In this dashboard we observe the expected behavior that after a few minutes of service CPU utilization being above the target of 50%, the number of tasks start increasing. With each task registered as a target within the target group, we see that the single target request rate remains at about 20K requests per minute, but the target group request count (as well as the load-balancer request count) grows fairly linearly with the added task count. That is, with 4 tasks in service, we reach almost 80K requests per minute.

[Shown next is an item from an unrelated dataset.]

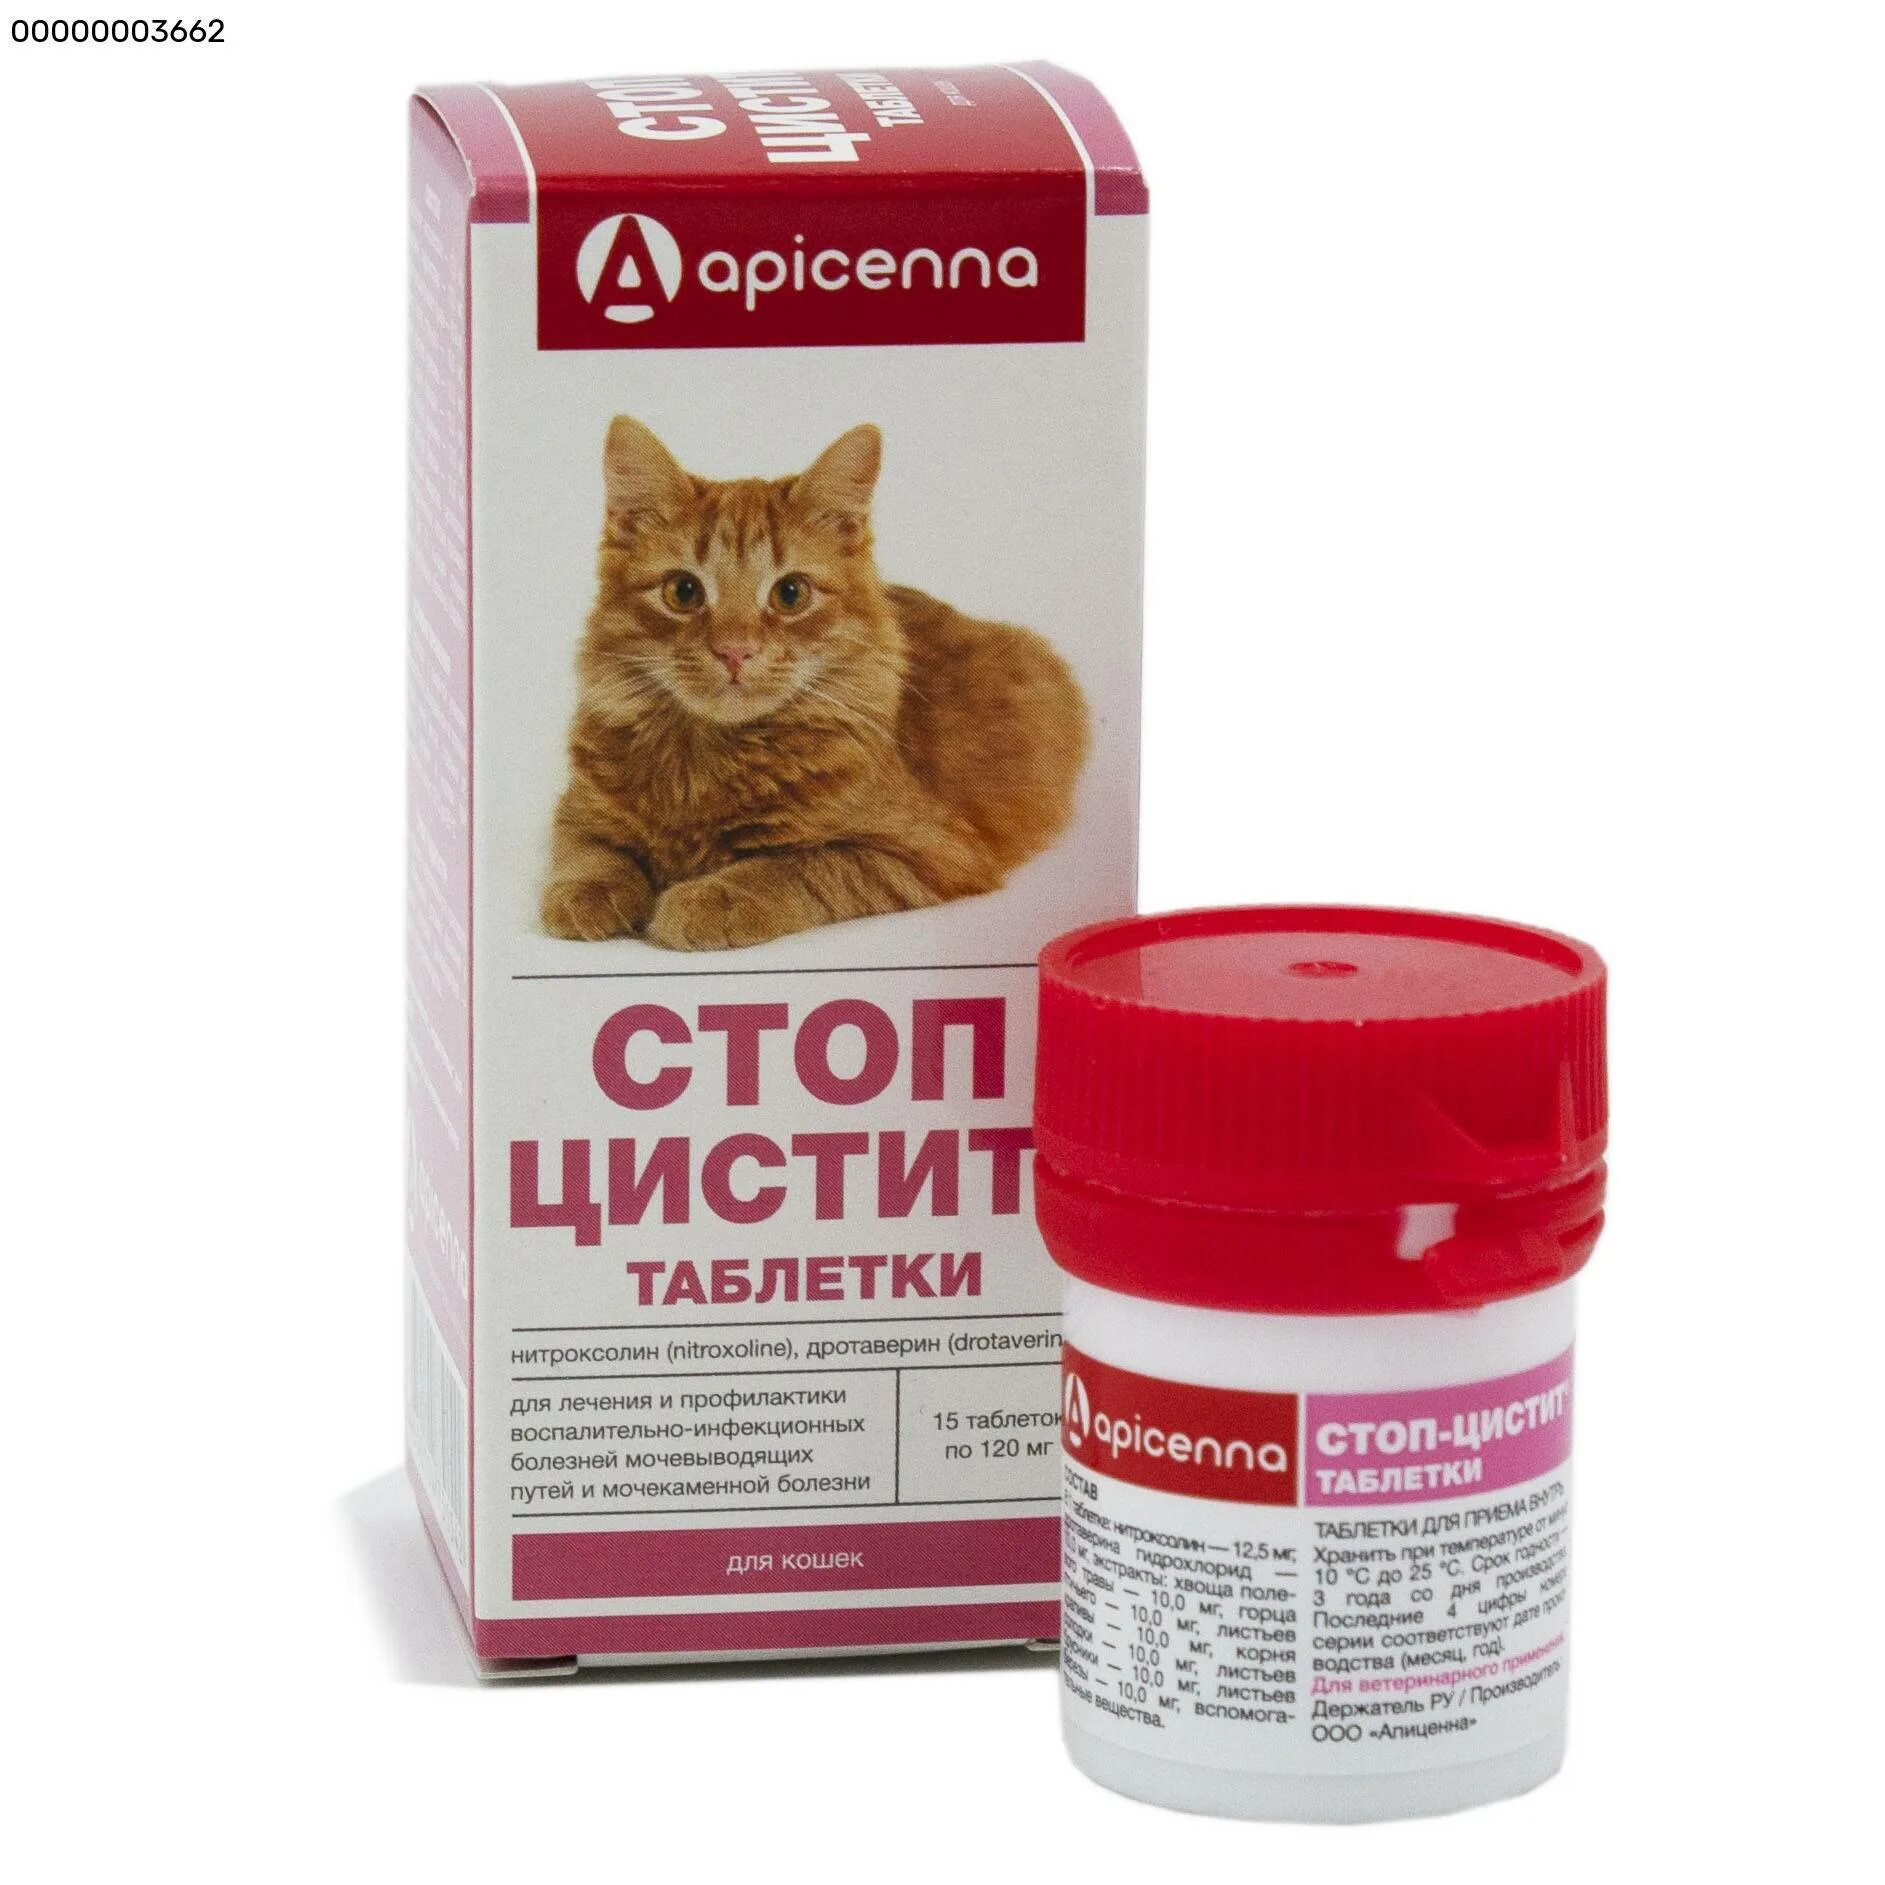 Купить стоп цистит таблетки. Стоп-цистит био (для кошек), 30 мл. Стоп-цистит таблетки для кошек, apicenna, 500 мг*30 таб. Стоп-цистит суспензия для кошек лекарство. Стоп цистит био таблетки для кошек.

Another way to verify the behavior is by using the AWS CLI to query ECS API for service events:

$ aws --output json ecs describe-services --services <service name> --cluster <cluster name> | jq .services[0].events

This should return a JSON array of events listing when tasks have been started and registered as targets with the target group associated with the service.

Request Count Scaling

We could also scale by request count as shown in the scale-by-request-count branch of the project. To do that, we need to specify the target group of the service as well as the request rate per minute of each target:

 scalableTaskCount.scaleOnRequestCount('RequestCountScaling', {
      targetGroup: albService.targetGroup,
      requestsPerTarget: 10000
    });

We've already seen that a single task (or target) can handle around 20K requests a minute, so the scaling rule above would only affect the scaling behavior, but would not limit the number of requests per target. As we still have a maximum of 4 tasks running, the load on each task would remain at around 20K unless the maximum capacity value is increased. You could easily verify that by redeploying the stack and rerunning the load test.

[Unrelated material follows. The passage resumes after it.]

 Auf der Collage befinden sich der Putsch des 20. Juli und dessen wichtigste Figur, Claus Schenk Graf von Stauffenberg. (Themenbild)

For this target tracking policy the Application Auto Scaling Service creates two corresponding alarms based on the RequestCountPerTarget metric of the service-associated load balancer and target group. A similar approach is taken here as we've seen with CPU Utilization scaling. Namely, one alarm is triggered when the 10,000 requests per target threshold is breached after 3 minutes and should cause a scale-out event. Another alarm is set for when the metric value is below a threshold value of 9,000 requests for a period of 15 minutes. As we've seen before, this is to avoid flactuations in capacity as well as scaling in too quickly.

Scheduled Scaling Example

Before wrapping up let's have a look at the example on the scheduled-scaling branch of our project:

scalableTaskCount.scaleOnSchedule('ScheduledScalingScaleOut', {
    schedule: Schedule.cron({ hour: "9", minute: "0" }),
    minCapacity: 4,
    maxCapacity: 8
});

scalableTaskCount.scaleOnSchedule('ScheduledScalingScaleIn', {
    schedule: Schedule.cron({ hour: "12", minute: "0" }),
    minCapacity: 2,
    maxCapacity: 4
});

In this example we add two scheduled actions to fit an increase in load on this service every day between the hours 9 and 12 UTC. The first is set to run every day at 9:00 UTC and update the minimum and maximum capacity to 4 and 8, respectively. Recall that the current capacity will be compared to the new values and will be updated if it falls outside the limits. For example, if at 9:00 the current capacity is below 4 tasks, the scheduled action will add capacity to reach the new minimum. The second scheduled action uses more conservative capacity limits.

Note that updating the minimum capacity at 12:00 UTC will not lower the current capacity of 4 which has been changed by the initial increase. In this case it might be useful to combine the scheduled actions with a target tracking scaling policy.

Summary

In this article we've learned the role that the Application Auto Scaling Service plays in scaling ECS services. We've created a simple ECS service stack using the CDK and using a custom CloudWatch dashboard observed how it behaves under load. We then extended the service using different scaling methods and observed how the service scales. There's definitely more to explore, including the usage of custom metrics with target tracking policies. As always, be sure to tear down the example stack with cdk destroy when you're done testing to avoid incurring additional costs.